Mayor of Paterson, New Jersey
- In office 1916–1919
- Preceded by: Robert H. Fordyce
- Succeeded by: Clifford L. Newman

Sheriff of Passaic County
- In office 1912–1915

Member of the New Jersey General Assembly from Passaic County
- In office 1907–1912

Personal details
- Born: January 16, 1870 Paterson, New Jersey, U.S.
- Died: December 29, 1950 (aged 80) Balesville, New Jersey, U.S.
- Resting place: Cedar Lawn Cemetery
- Party: Republican
- Education: Paterson Public Schools

Military service
- Allegiance: United States New Jersey
- Branch/service: Army National Guard
- Years of service: 1888-1893
- Rank: Sergeant
- Unit: New Jersey National Guard

= Amos H. Radcliffe =

American politician

Amos Henry Radcliffe (January 16, 1870 - December 29, 1950) was an American Republican politician who represented New Jersey's 7th congressional district, serving two terms in office from March 4, 1919, to March 3, 1923.

==Early life and education==
Radcliffe was born in Paterson, New Jersey, on January 16, 1870. He attended the Paterson Public Schools, and graduated from the New York Trade School. Radcliffe served as a sergeant in the New Jersey National Guard from 1888 to 1893.

==Early career==
He became a blacksmith and ornamental and structural ironworker. In 1896 became associated with his father's firm and in 1907 was made secretary of James Radcliffe & Sons Co., a structural iron manufacturing company.

Radcliffe was a member of the New Jersey General Assembly from 1907 to 1912. He served as a delegate to the Republican State conventions in 1910, 1911, and 1912, was sheriff of Passaic County from 1912 to 1915 and was fish and game commissioner from 1914 to 1919. Radcliffe served as Mayor of Paterson, New Jersey, from 1916 to 1919.

==Congress==
Radcliffe was elected as a Republican to the Sixty-sixth and Sixty-seventh Congresses, serving in office from March 4, 1919, to March 3, 1923, but was an unsuccessful candidate for reelection in 1922 to the Sixty-eighth Congress.
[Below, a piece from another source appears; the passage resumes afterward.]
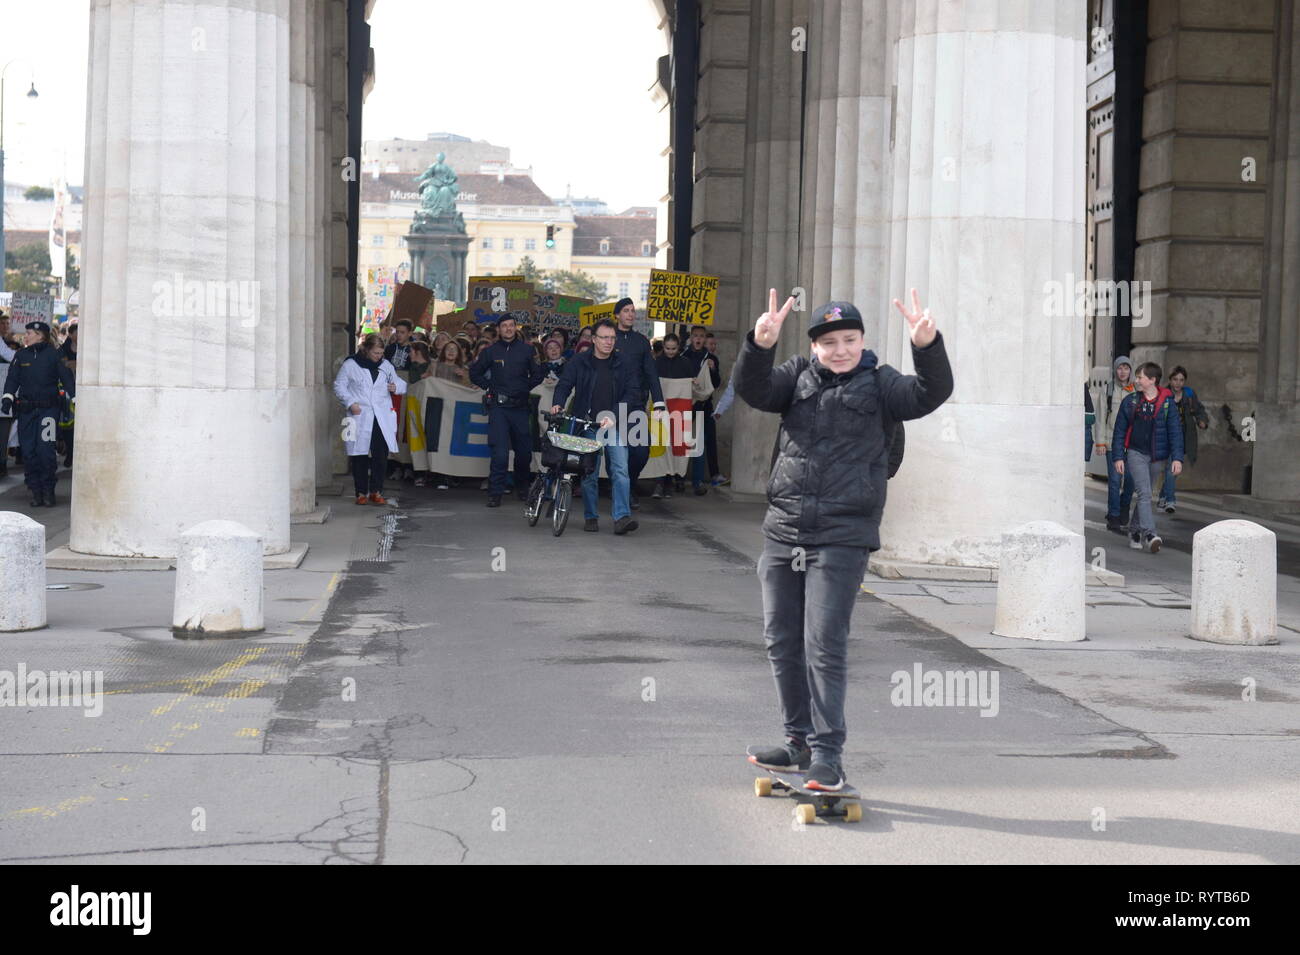 Vienna, Austria. 15 March 2019. Action Platform 'Fridays for Future' 'Global Climate Change' for a sustainable future, healthy environment, courageous climate policy, global climate justice and food security. Credit: Franz Perc / Alamy Live News Stock Photo

==Later career and death==
After leaving Congress, he resumed active interests in Radcliffe & Sons Company and was treasurer at the time of his death. he was the founder and a former president of the Franklin Trust Company, of Paterson, and served as chairman of the board.

In 1925, he became a member of the Board of Standards and Appeals in Paterson. He died in Balesville, New Jersey, on December 29, 1950, and was interred in Cedar Lawn Cemetery in Paterson.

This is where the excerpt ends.